There is an author’s note at the end of the book, in which she mentions that many of the names of the characters in this book come from the list of party guests in Romeo And Juliet. She also acknowledges her allusions to both Hamlet and Much Ado About Nothing.
Still Star-Crossed was published in 2013.
- Prince Of Shadows: A Novel Of Romeo And Juliet by Rachel Caine - This novel is told in the first person by Benvolio, and begins a little before the events told in Shakespeare’s play, and ends just a bit after those events. The novel is divided into five sections, and for some reason these are labeled as Quartos. That doesn’t really make sense. “Quarto” doesn’t mean “chapter.” Benvolio’s character is a bit different from that portrayed in the play. In this novel he is referred to as the Prince of Shadows, the best thief in Verona, so clearly different from the honorable man Shakespeare created. The first scene has Benvolio sneaking into the Capulet home with a knife to humiliate Tybalt. He is disguised so as not to give away his identity or house, and he steals Tybalt’s emblem and rapier. Rosaline lives in the Capulet palace, and is Tybalt’s sister. Benvolio sneaks into her room and finds her awake – and beautiful. Mercutio is in on Benvolio’s thievery. Mercutio is portrayed as gay in this novel, and is in love with a man named Tomasso. Benvolio and Romeo are aware of his secret. Benvolio’s grandmother is sort of the fierce head of the Montagues, and she summons Benvolio because she’s upset that Romeo has fallen in love with Rosaline. She knows Benvolio is the Prince of Shadows, and charges him with stealing back Romeo’s love letters. Romeo, age sixteen, also knows that Benvolio is the Prince of Shadows. Also, Balthasar, Benvolio’s servant, knows his secret identity. Hey, who doesn’t? Well, when Benvolio sneaks into Rosaline’s chamber to fetch the letters, she catches him again, and this time guesses his identity. In this novel, Rosaline is destined for the convent.
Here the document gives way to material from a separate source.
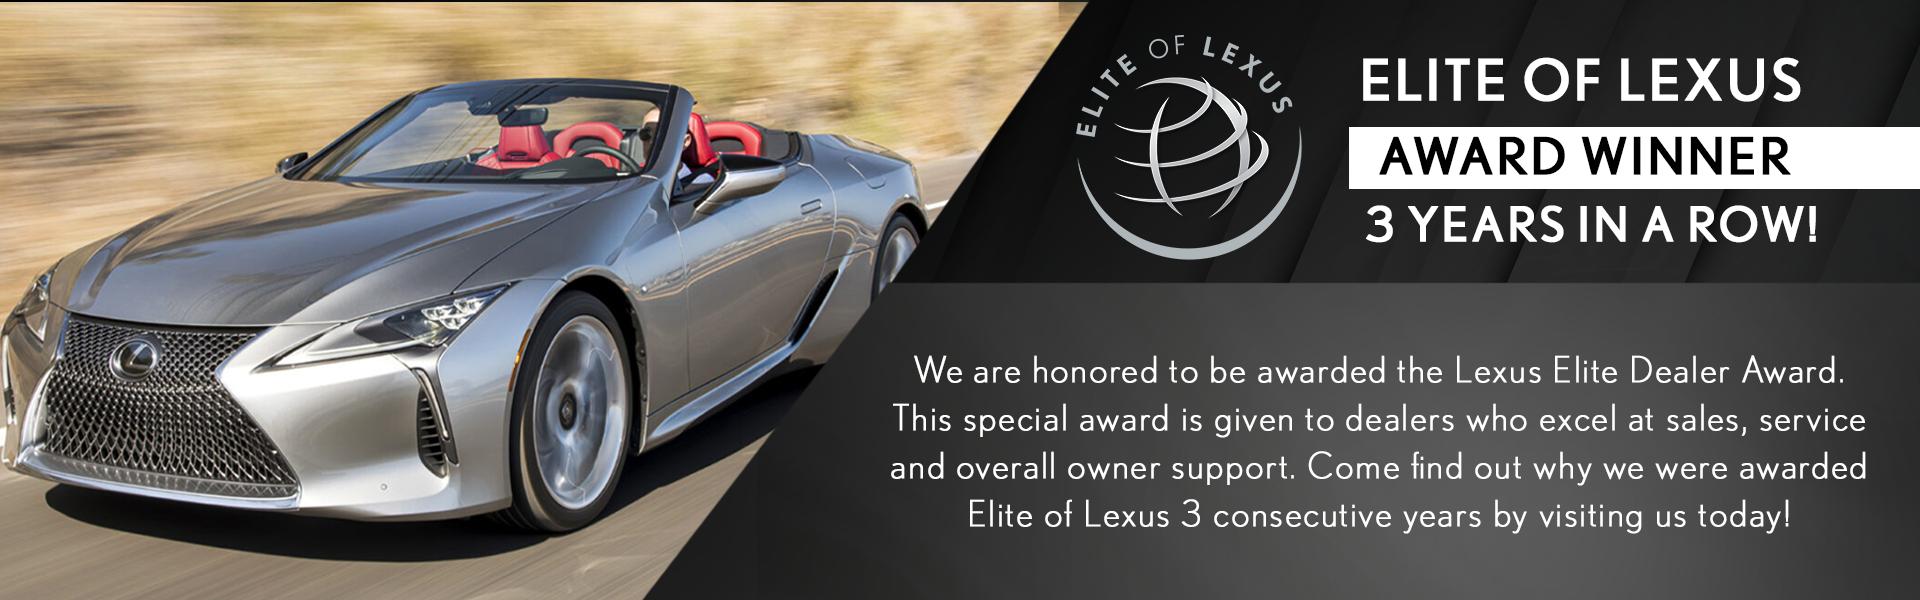 Elite of Lexus award winner

The novel does tell the story of the play, and it is on page 88 that we get to the first scene of the play, with the biting of the thumbs. There are lines taken directly from the play, though oddly sometimes the context and even the speaker changes. For example, in this novel Benvolio says, “He jests at scars who never felt a wound.” In the play, it is Romeo who speaks that line (except “who” is “that”). And the Queen Mab speech is moved from before the party to lines written in Mercutio’s secret diary. Mercutio still says “If love be rough with you, be rough with love,” but it is moved from before the Queen Mab speech to a tavern scene.
A marriage is arranged for Mercutio and Mercutio is afraid of losing his lover. And then they’re caught together, and Mercutio’s father beats him while Romeo and Benvolio stand by helplessly. Men then hang Tomasso.
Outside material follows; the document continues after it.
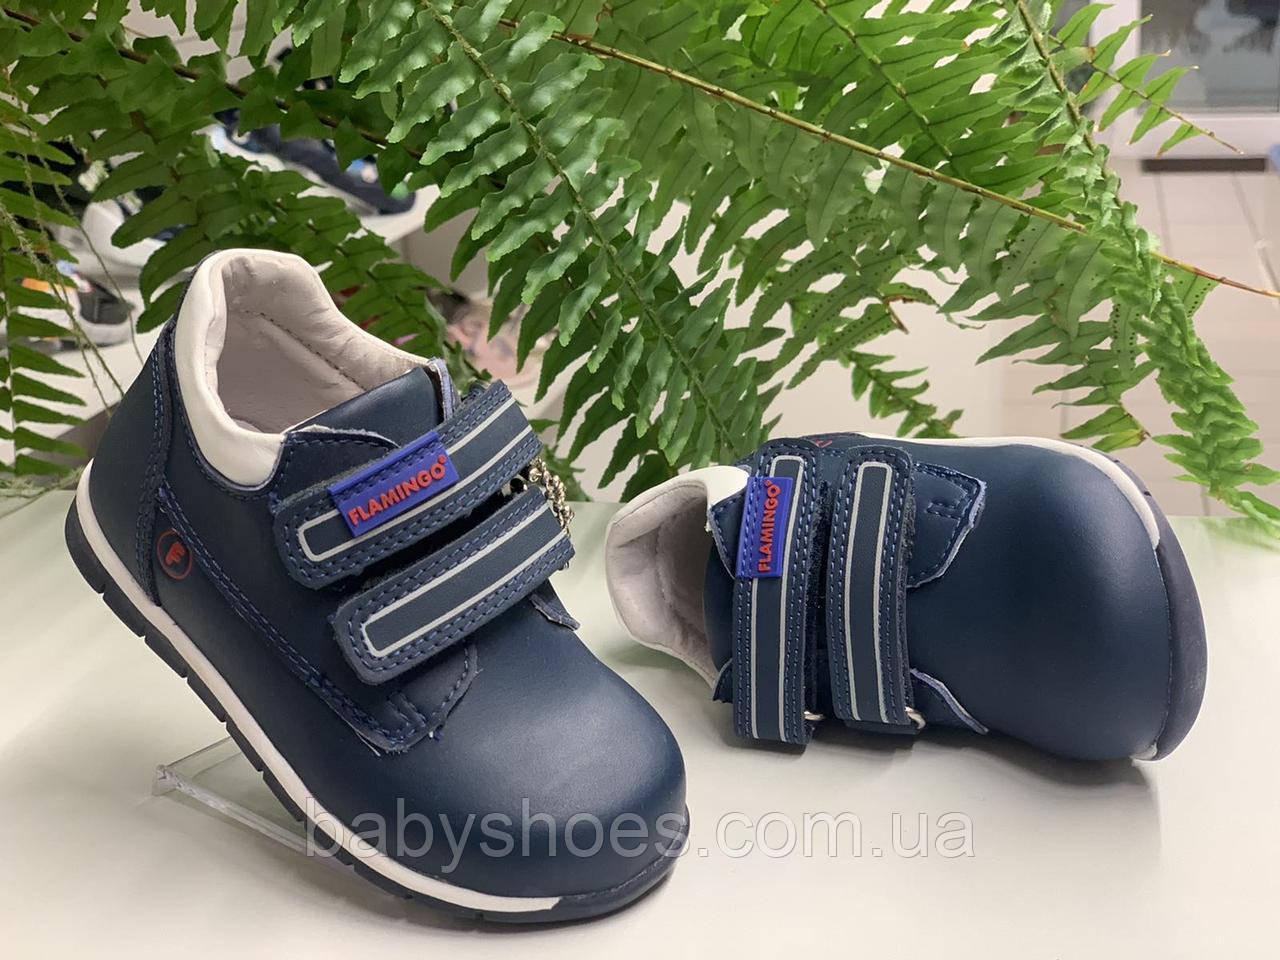 Кожаные ботинки для мальчика,Flamingo,р.23, FM-4

The timeline is quite different in this book. The events of Romeo And Juliet cover just a few days. This novel really stretches out that time to several months, which changes the feel. A lot of time has passed since the thumb-biting scene. And then after the murder of Tomasso a month passes, and Mercutio is wed. He hears that Rosaline is responsible for the betrayal of Tomasso, but the fault lies with Veronica, Benvolio’s sister.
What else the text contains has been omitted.